Deze sabbat in het midden van de week van het Loofhuttenfeest, noemt men een Sabbat Chol haMoed. In plaats van het laatste gedeelte uit het vijfde boek van Mozes, Deut.33:1-34:12 en Jozua 1: 1-18, bespreekt men ook wel Exod. 33:12-34: 26 en de haftarah uit Ezech. 38:1-23 -39:16. Op deze 6de dag van Soekot zijn de dagelijkse Schrift gedeelten uit Num. 29:26-32, 12-16, Zach.14:1-21. De 7de dag, de grote dag van het feest valt dan op zondag en het aansluitende en afsluitende feest van de Achtste dag, Shemini Atzereth, een sabbaton valt dan op maandag.

De Schriftgedeelten bepalen ons erbij dat JHVH, de Herder Israels is, die Zelf voor Zijn kudde en Zijn schapen zorgt door.
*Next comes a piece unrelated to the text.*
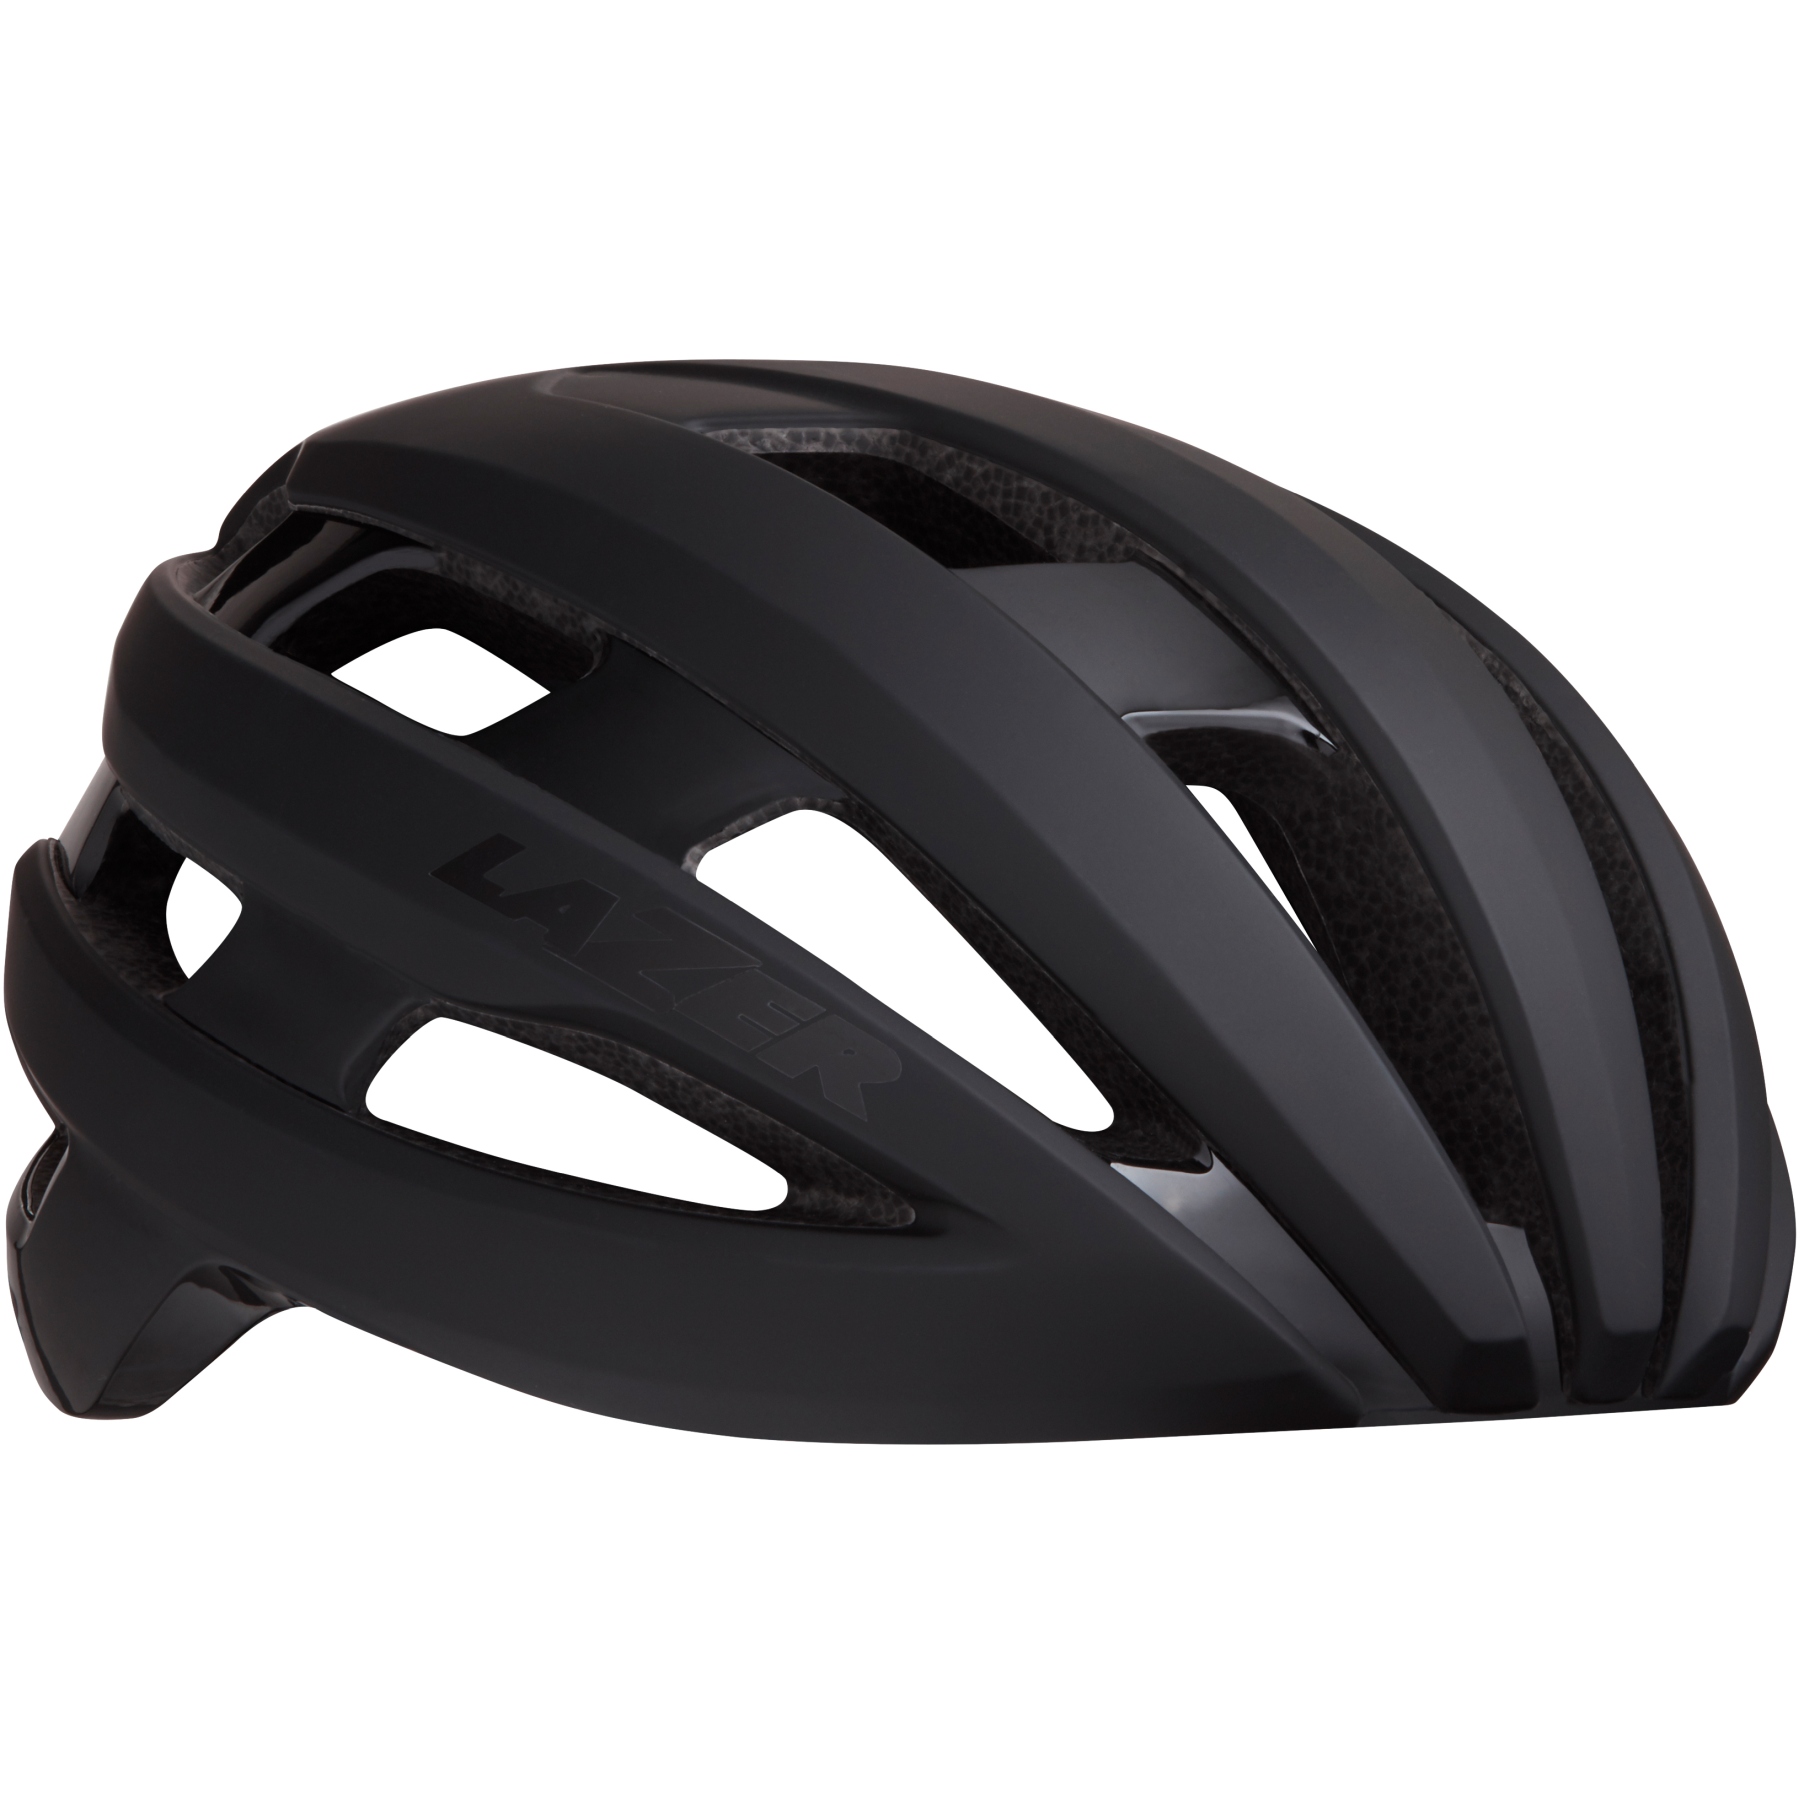 Productfoto van Lazer Sphere MIPS Helmet - matte black

Dat deed Hij door te voorzien in goede herders zoals Mozes en Aaron en Zelf met hen mee te gaan. Mozes leidde tegelijkertijd Jozua op zodat deze in zijn voetsporen verder kon gaan.
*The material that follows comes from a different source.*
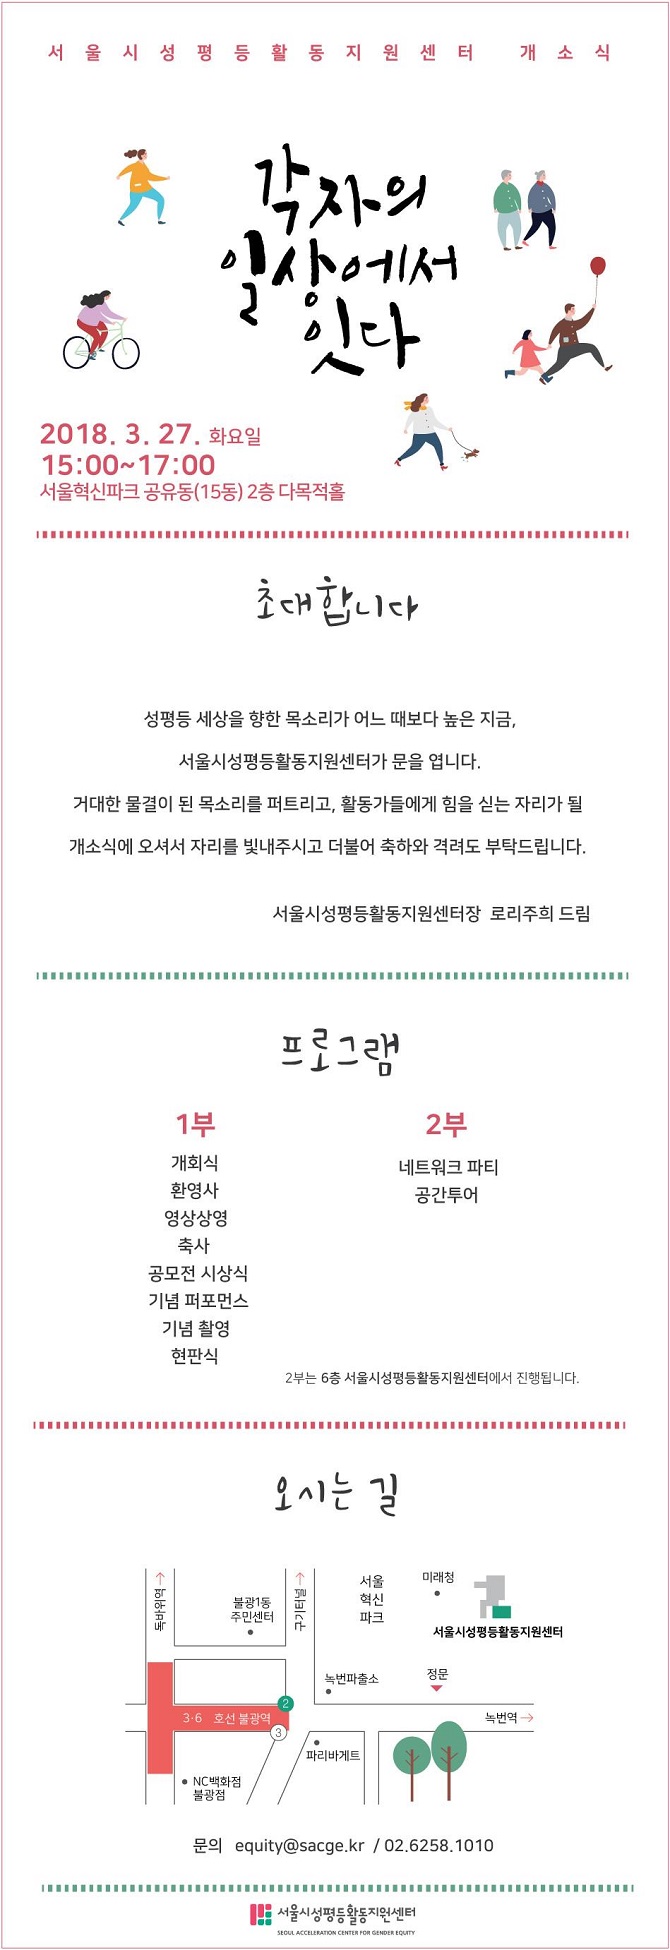 [서울시성평등활동지원센터] 개소식 초대 및 안내

David is een herder naar Gods hart, zodat Hij hem tot Koning over Israel kan aanstellen. David bereid zijn zoon Salomo voor op die verantwoordelijkheid. Israel kent ook perioden dat zij zonder (goede) herders hun weg moeten vinden, zodat een ieder doet wat recht is in eigen ogen. Wanneer Jeshoea op het toegestroomde volk ziet dan smart het Hem dat zij als schapen waren zonder herder en met ontferming bewogen gaat Hij hen vele dingen onderwijzen en leren. Jeshoea bereid Zijn leerlingen, de discipelen voor om deze taak voort te zetten.
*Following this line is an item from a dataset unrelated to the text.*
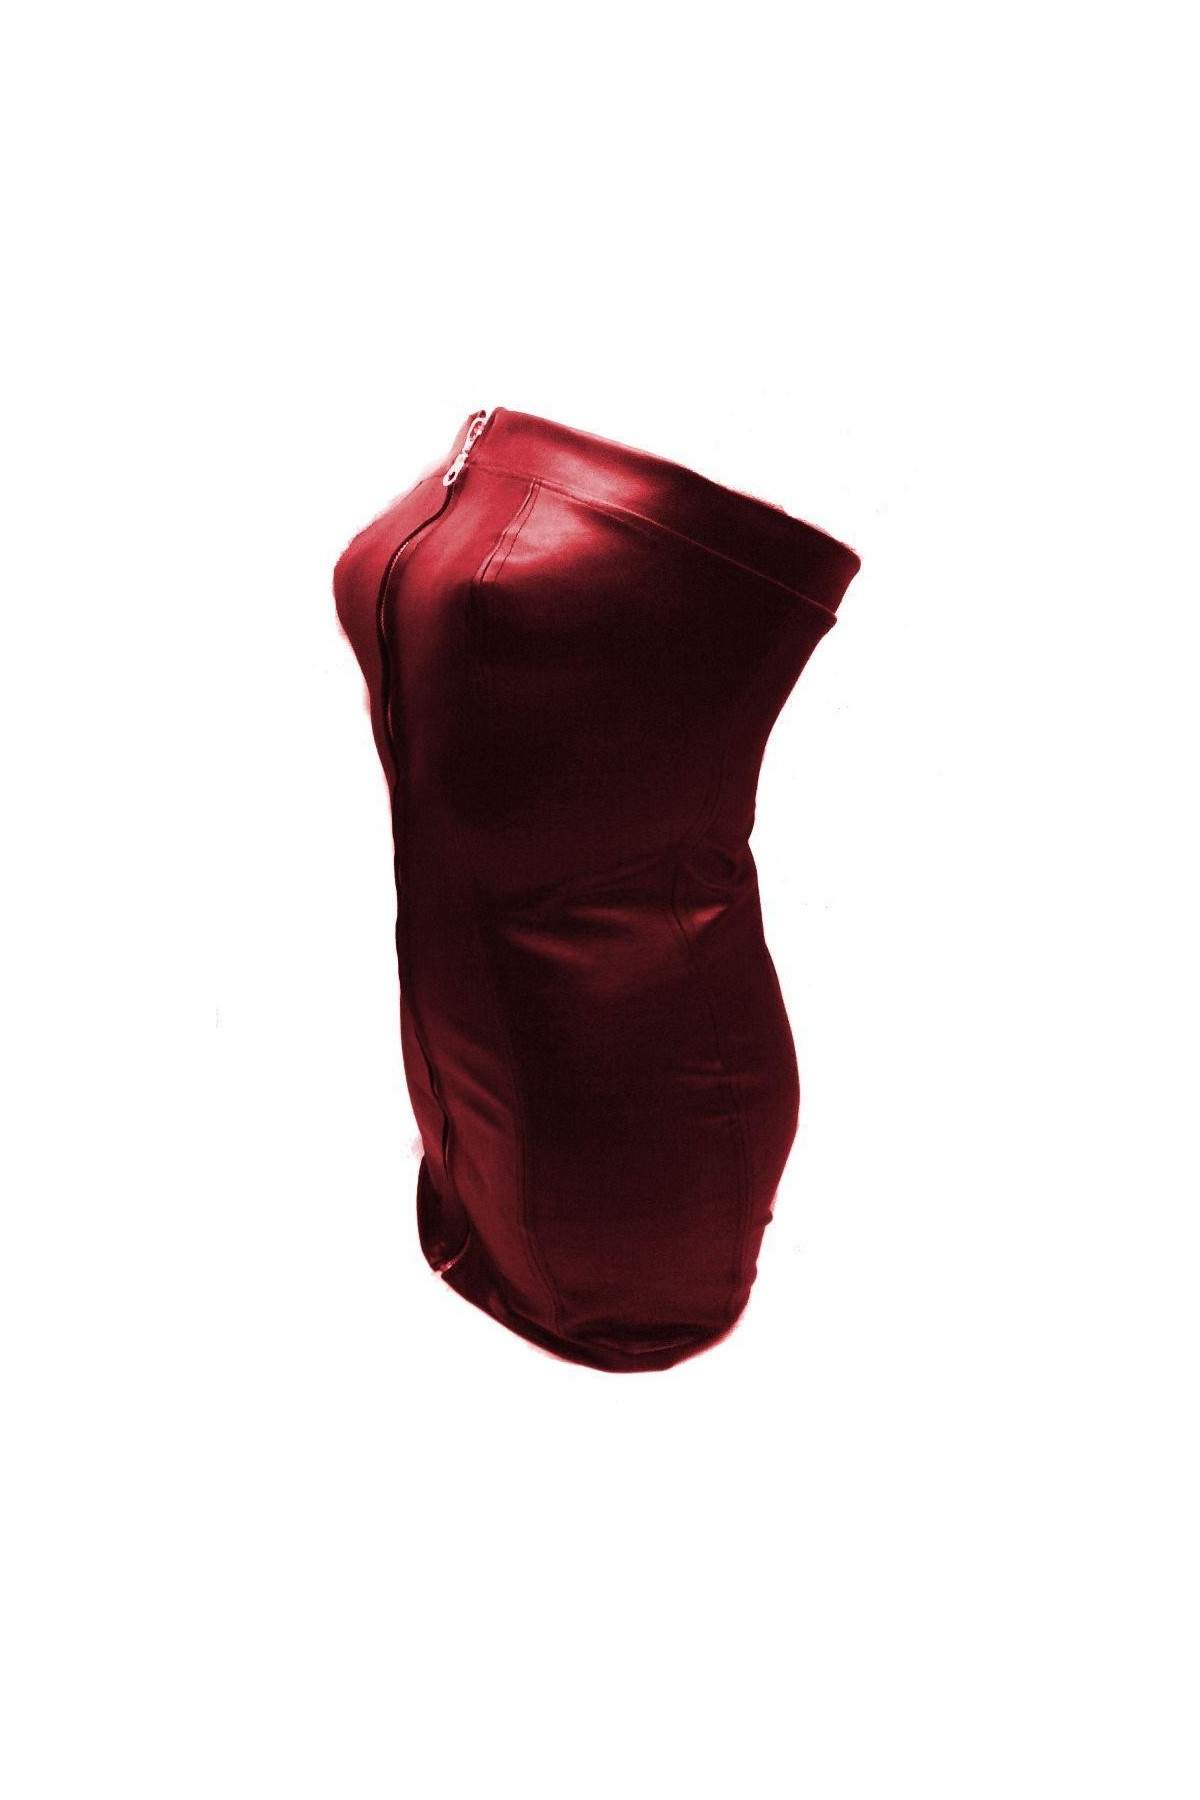 Spare 15 Prozent auf Softes Designer Leder Kleid rot Größe L - XXL ... -

Petrus krijgt in het begin meer in het bijzonder die verantwoordelijkheid. Bij hun afscheid geeft de opperherder Hem tot drie maal toe mee: “Weidt Mijn lammeren.” “Hoed Mijn schapen.” En “Weid Mijn schapen.” Vergeet het niet het zijn Zijn schapen, het is Zijn kudde. Petrus op zijn beurt geeft al deze lessen door aan de volgende generatie herders met de uitdrukkelijke vermaning.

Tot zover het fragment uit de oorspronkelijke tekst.